=== Given records ===

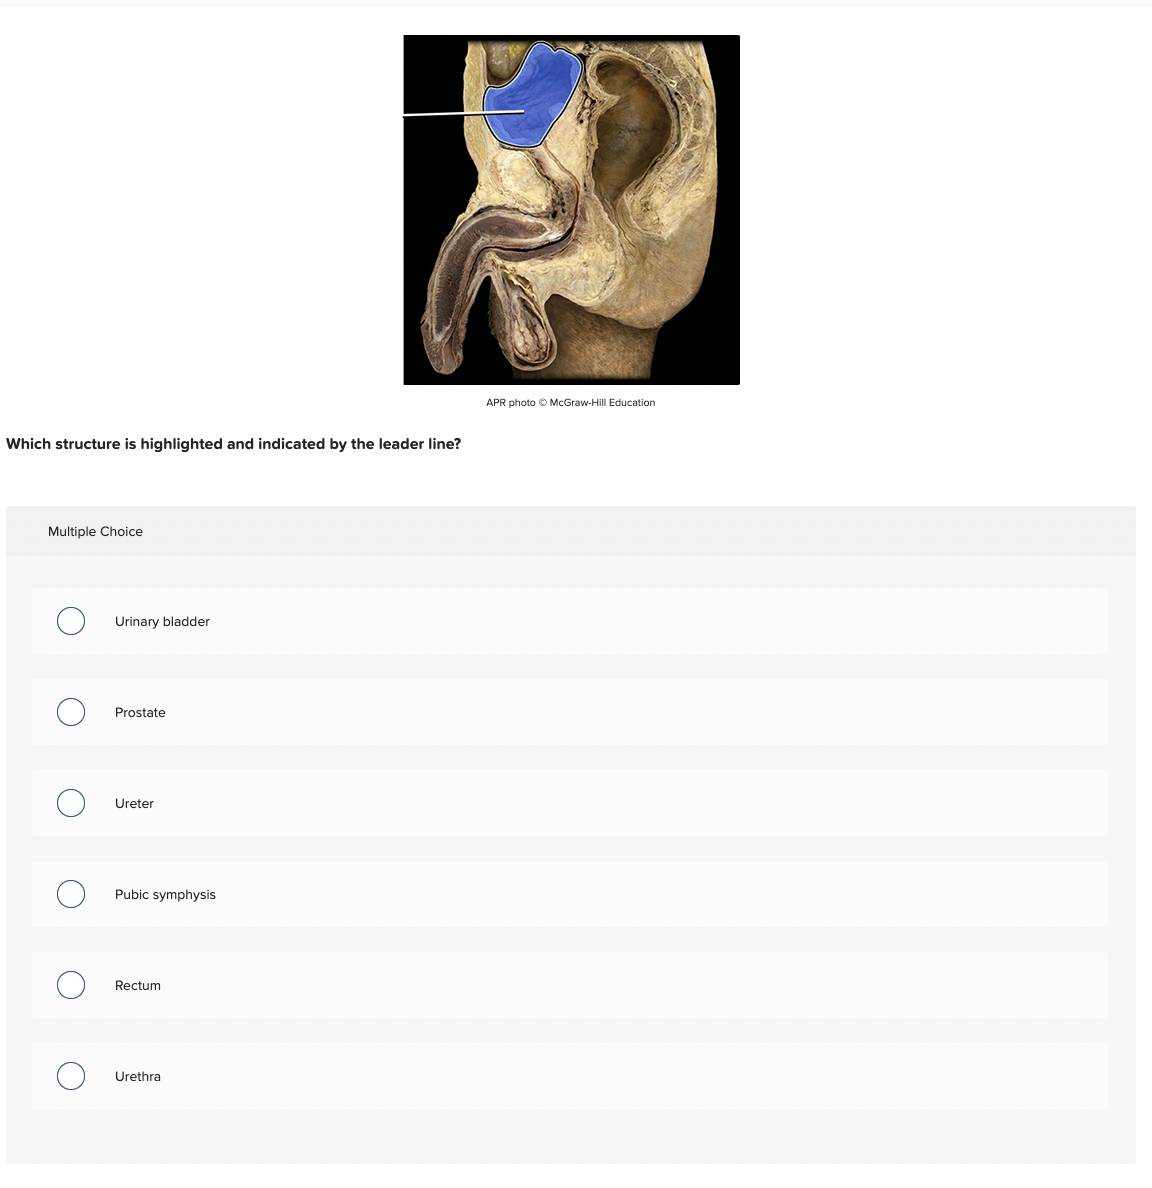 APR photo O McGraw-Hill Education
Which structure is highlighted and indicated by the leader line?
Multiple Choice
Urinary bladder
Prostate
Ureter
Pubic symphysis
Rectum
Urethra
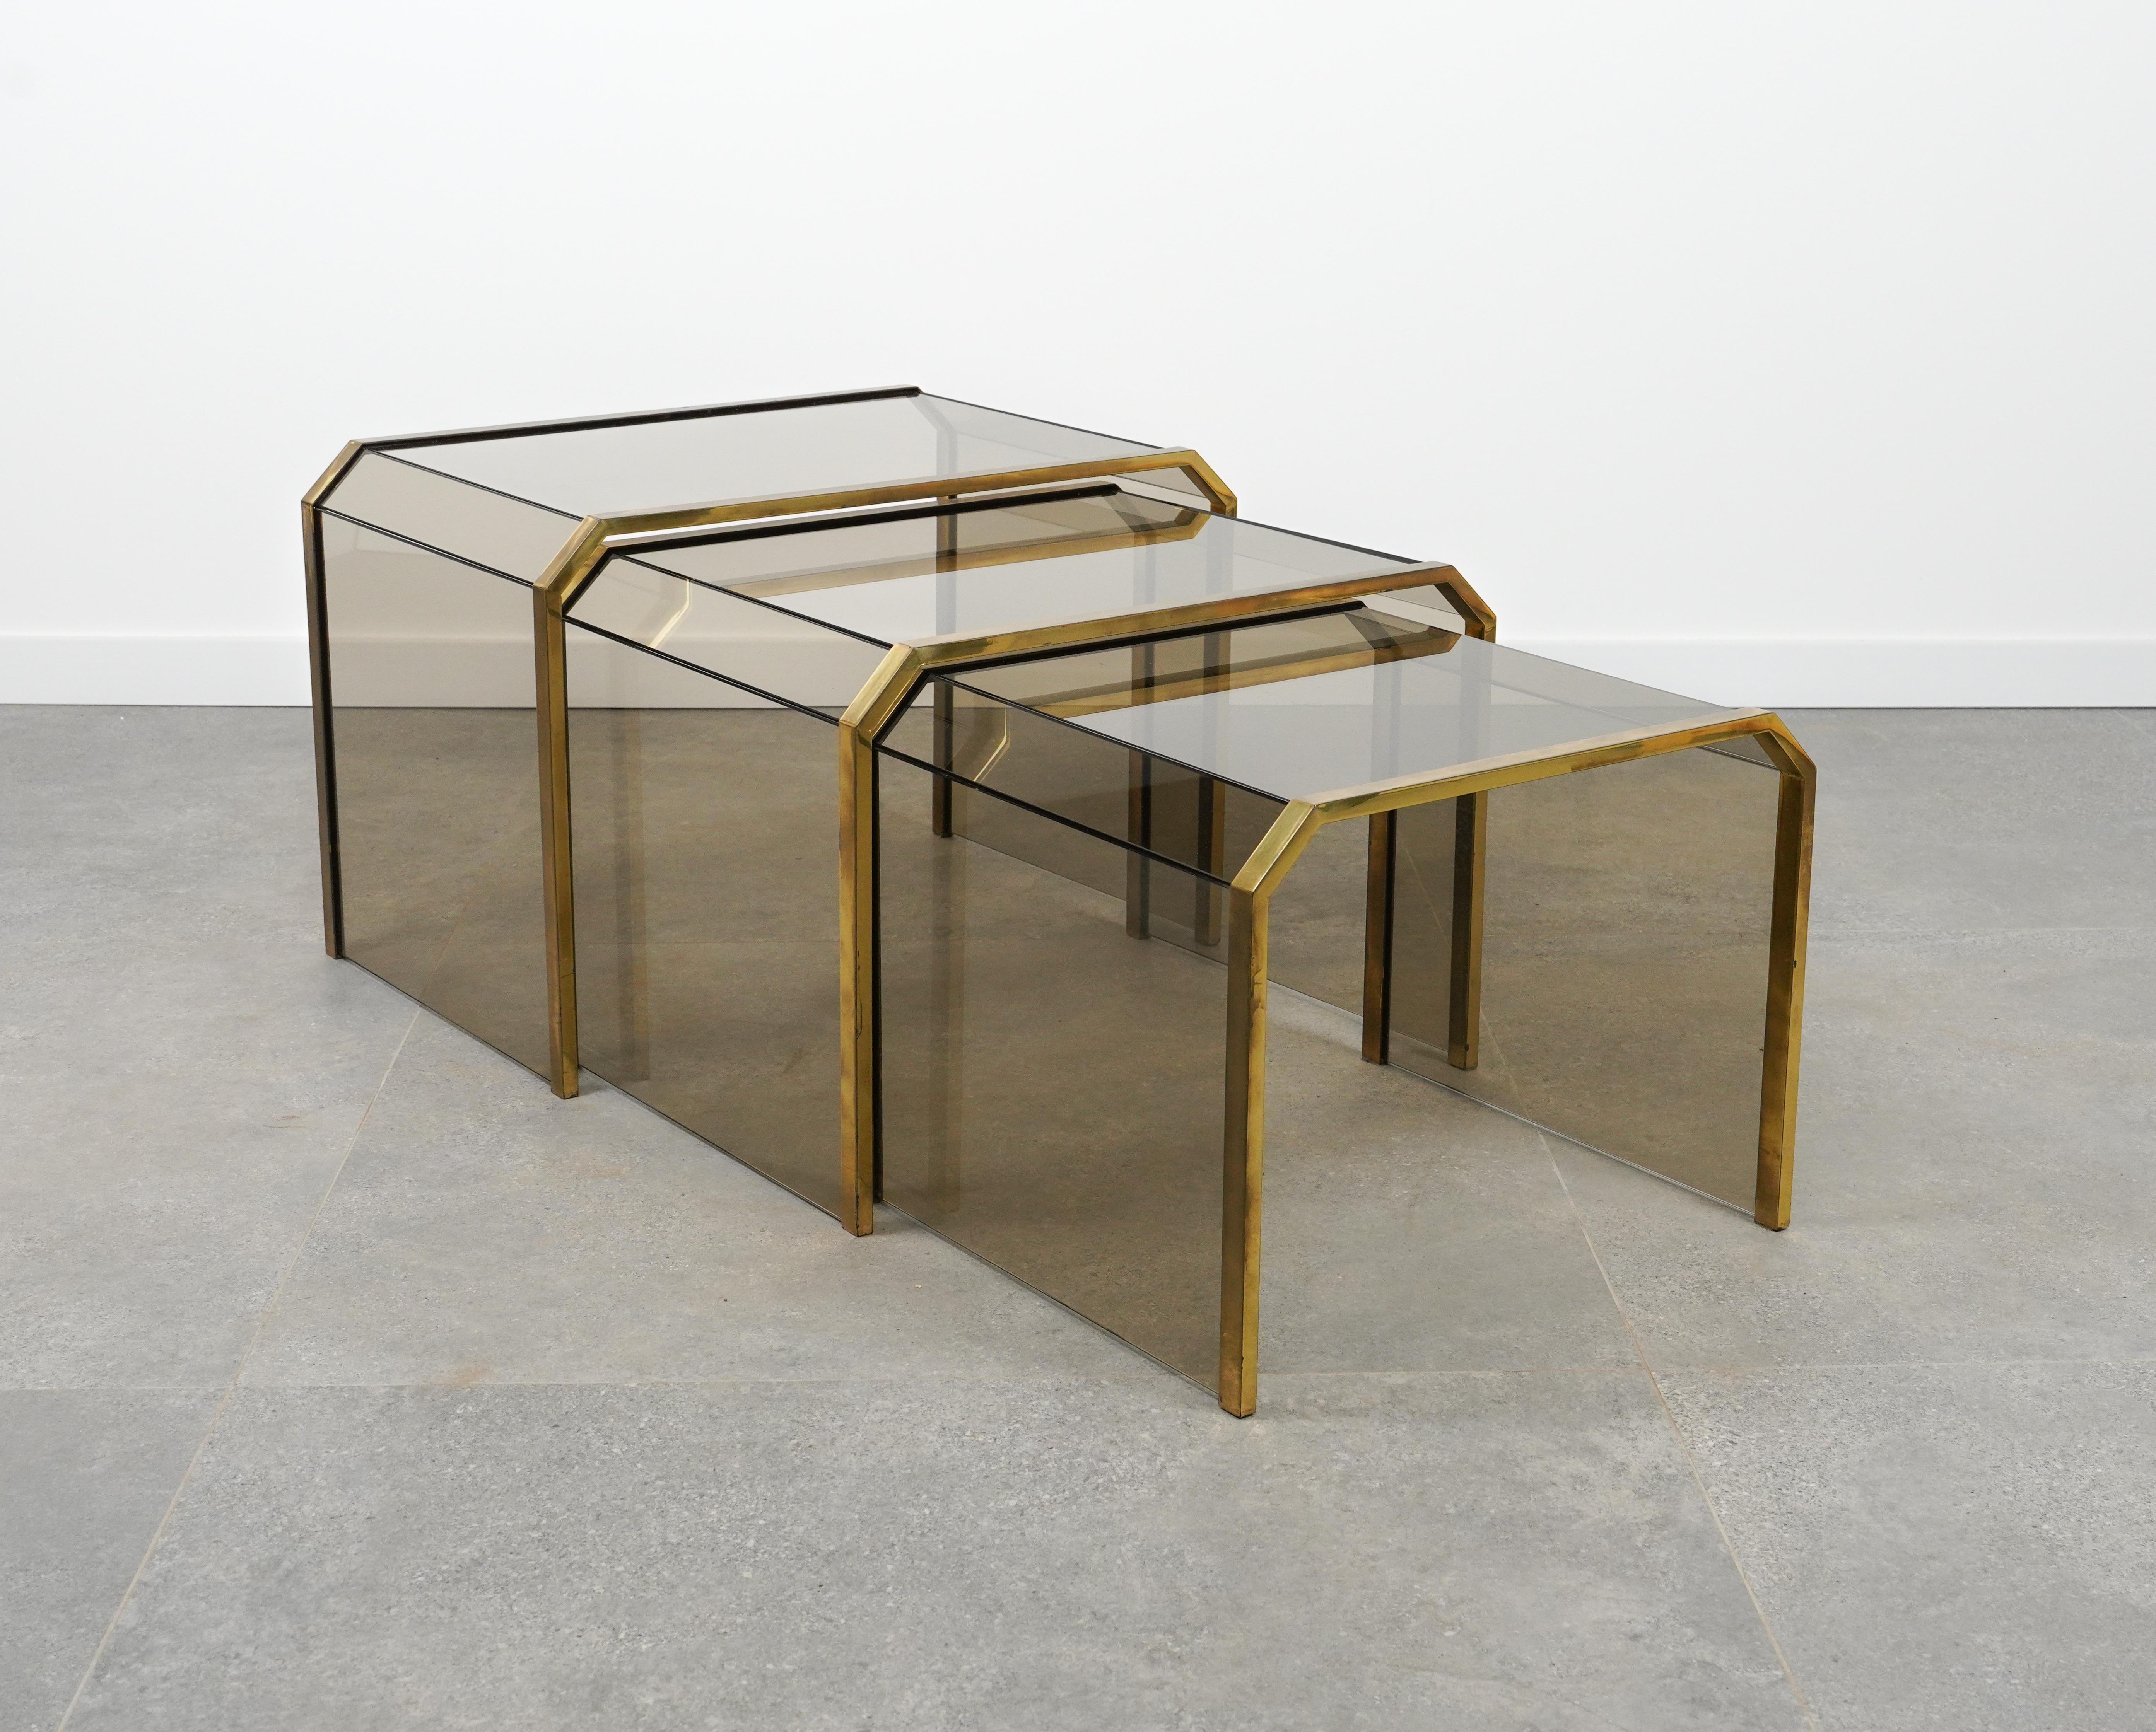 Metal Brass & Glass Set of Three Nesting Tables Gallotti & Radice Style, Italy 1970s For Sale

===

Aim of the exercise
Each entry gets copied exactly; the pictures stay out.

Exercise result
 APR photo O McGraw-Hill Education
Which structure is highlighted and indicated by the leader line?
Multiple Choice
Urinary bladder
Prostate
Ureter
Pubic symphysis
Rectum
Urethra
 Metal Brass & Glass Set of Three Nesting Tables Gallotti & Radice Style, Italy 1970s For Sale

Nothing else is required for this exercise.